Photo: Herb Smith
Land Conservation and Stewardship
The Hill Country is blessed with a rich natural heritage. For many landowners, land is much more than a financial asset; it is their legacy and their family history. Unfortunately, passing on the family farm or ranch, once a time-honored Texas tradition, is becoming more difficult in the face of rising costs and the pressures of encroaching development.
The role of private landowners in the Hill Country could not be more important. Especially within the context of Texas’s longstanding tradition of robust private property rights, the decisions made by each Hill Country landowner affect the future of the entire region and the legacy we will all leave to our children and grandchildren. Many landowners want to preserve their land’s unique natural features and historical uses. This page provides information and resources for you.
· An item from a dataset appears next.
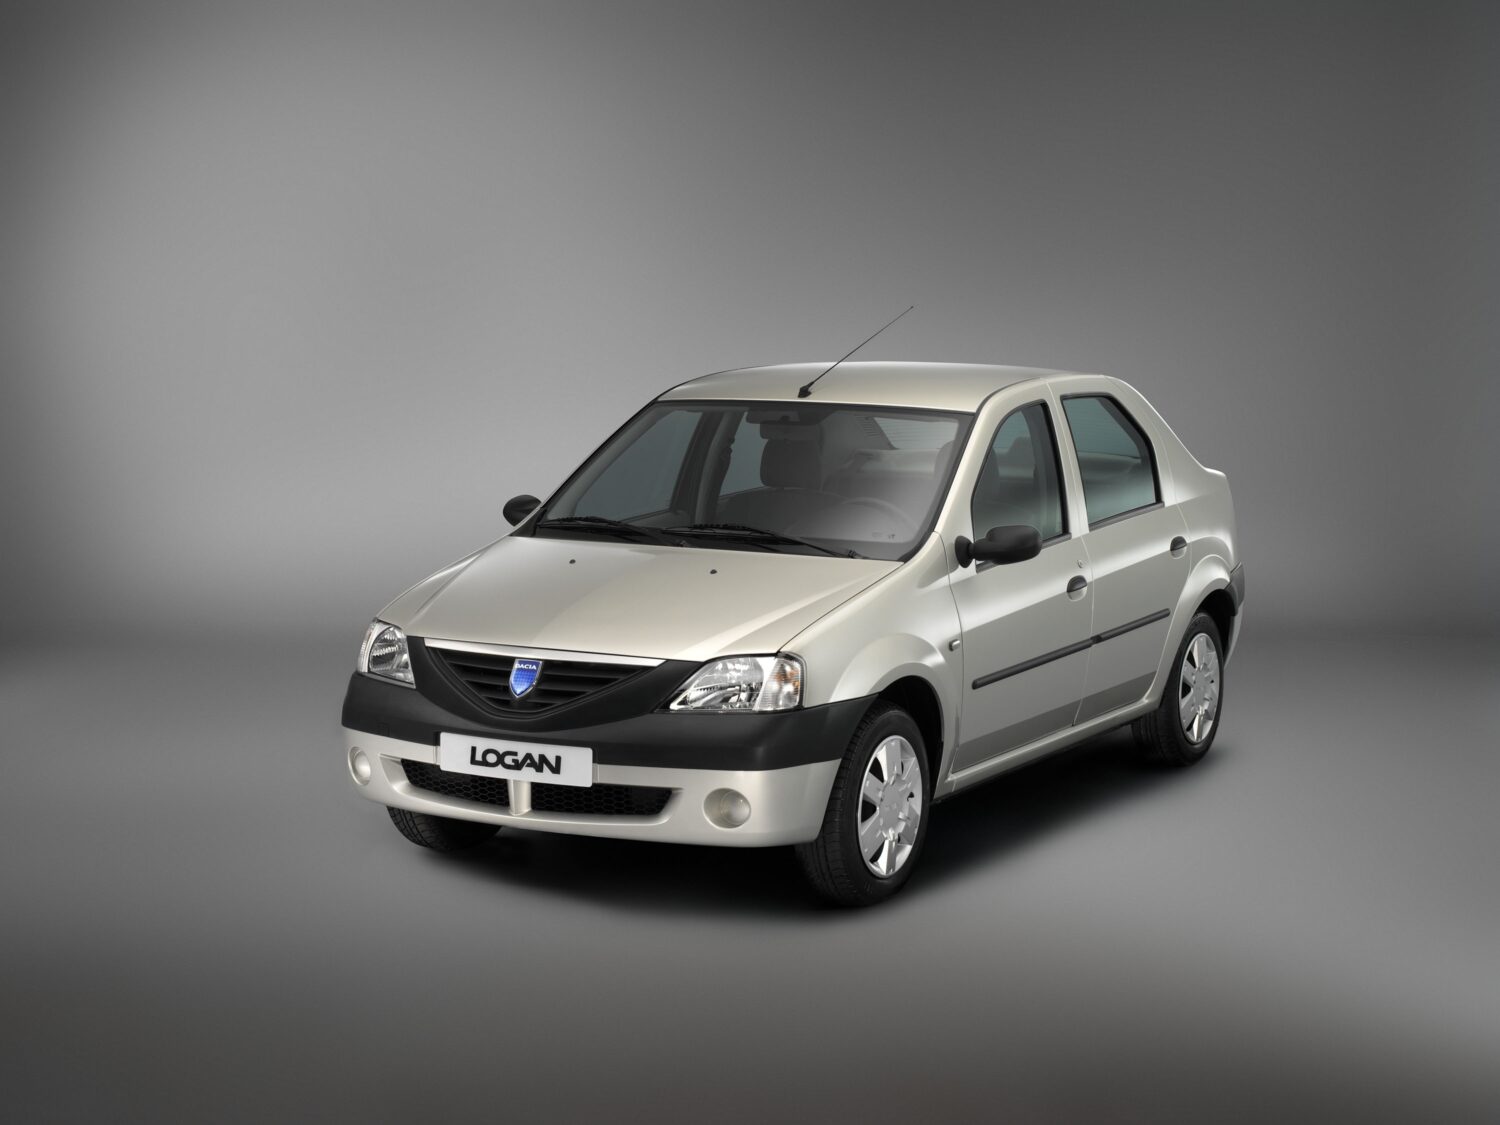 2004 - Dacia LOGAN.jpg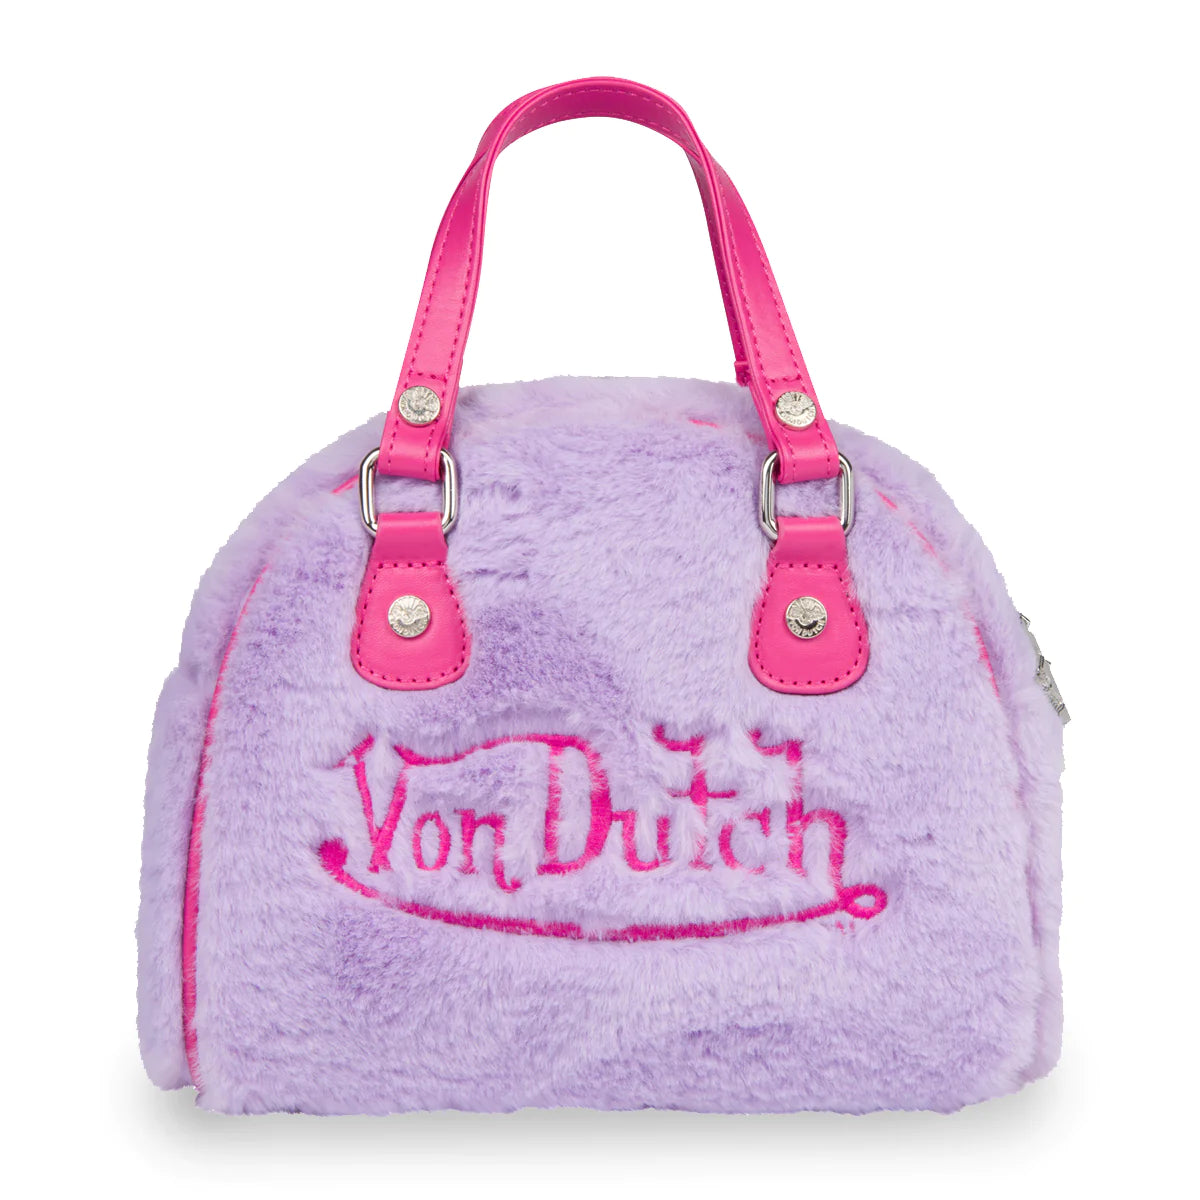 Hot Pink Cheetah Bowling Bag Small - Von Dutch

Also see HCA’s page on the economics of land conservation here.
Download HCA’s issue paper “Conservation Easements and Working with Land Trusts”
Effective hillside stewardship balances healthy plant communities and soils with the landowner’s goals for long-term land management. When landowners can slow and sink water into the land, this physical process provides a variety of benefits, including reduced erosion, increased soil moisture and grass production, flood mitigation, groundwater replenishment, habitat enhancement, and increasing the flow of spring-fed creeks. Used in concert with long-term management, these site-specific structures can be quite effective. This guide provides a few simple methods and additional resources for landowners looking to improve our stewardship of hillside land across the Hill Country.
Download HCA’s resource “Hillside Stewardship: Reducing Erosion, Establishing Vegetation & Enhancing Water Catchment”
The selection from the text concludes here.